Question only: docker-splitted enviroments attackable?

[hersche]

Just a technical question, our servers are updated :) We use a splitted enviroment where nginx runs in one container, php-fpm in another. I tried to reproduce the issue with your exploit, but it seems to hang at

2019/11/05 21:30:58 The target is probably vulnerable. Possible QSLs: [1735 1740 1745]

while the project runs localy (8mins now). As i inspect your docker-file, you seem to have your enviroment combined in the same container. If the split we did protected us from the attack anyway, this would be a nice side-info :)

Also, if this is really the case, it would be may a idea to add it to the requirements?

Thanks for developing this poc!

[neex]

No, splitting nginx and php-fpm in different containers doesn't protect you in any way.

It is strange that QSLs are found even though you have updated your servers. I suggest you to double check that.

[hersche]

It is strange that QSLs are found even though you have updated your servers. I suggest you to double check that.

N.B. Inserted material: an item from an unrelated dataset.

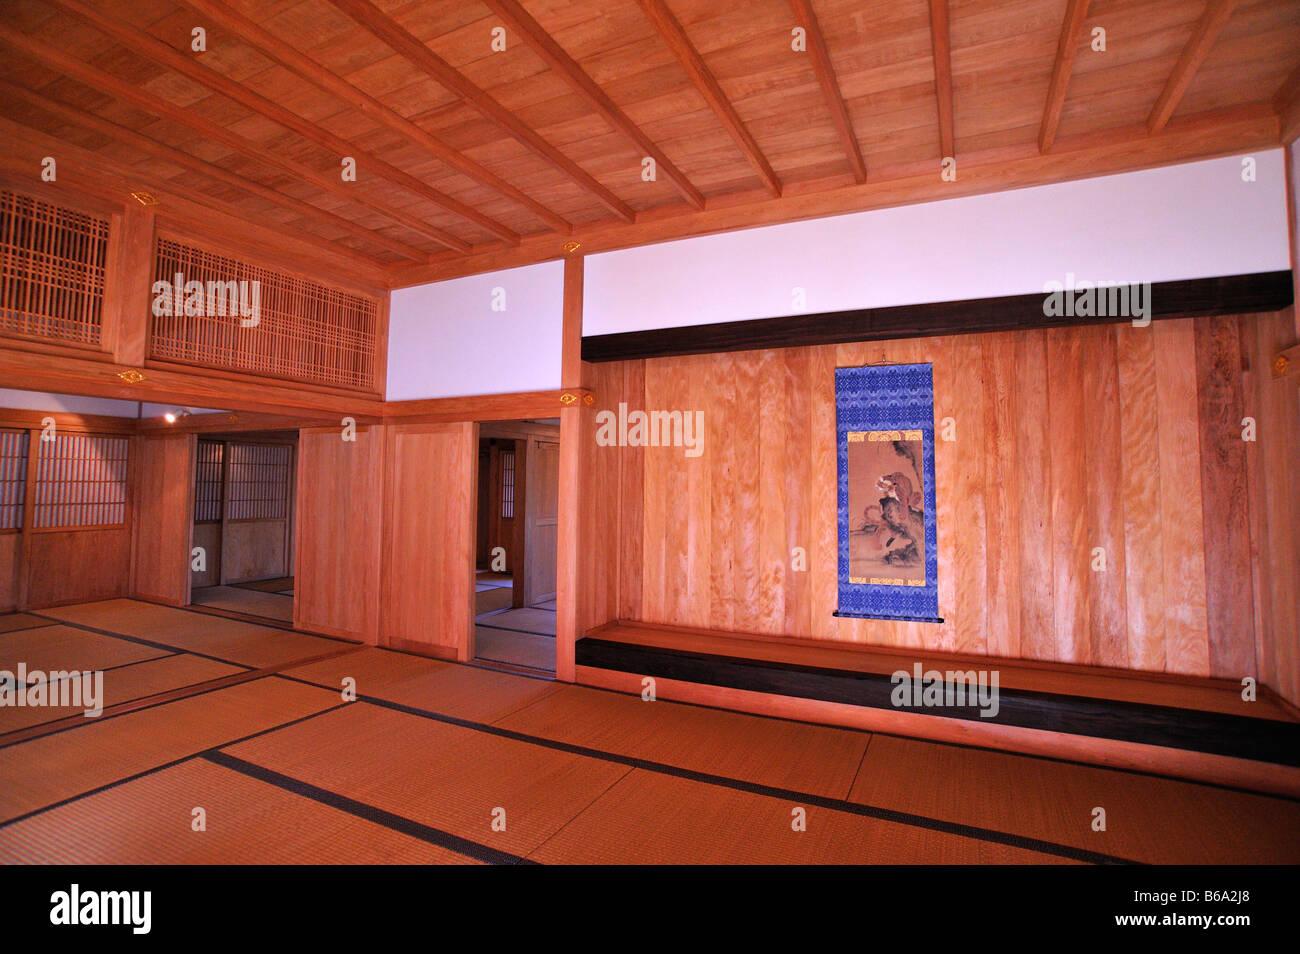 shuri castle shuri naha okinawa japan - Stock Image

i am sorry as i was unclear. i retest the attack by downgrading the docker-images to our previous versions and run them only local. as i tested it on our productive servers, it was not able to do any part of the attack.

No, splitting nginx and php-fpm in different containers doesn't protect you in any way.

ok, interessting then, it still hangs there. i guess your exploit would be able to handle that "remote-connection" (to the other container).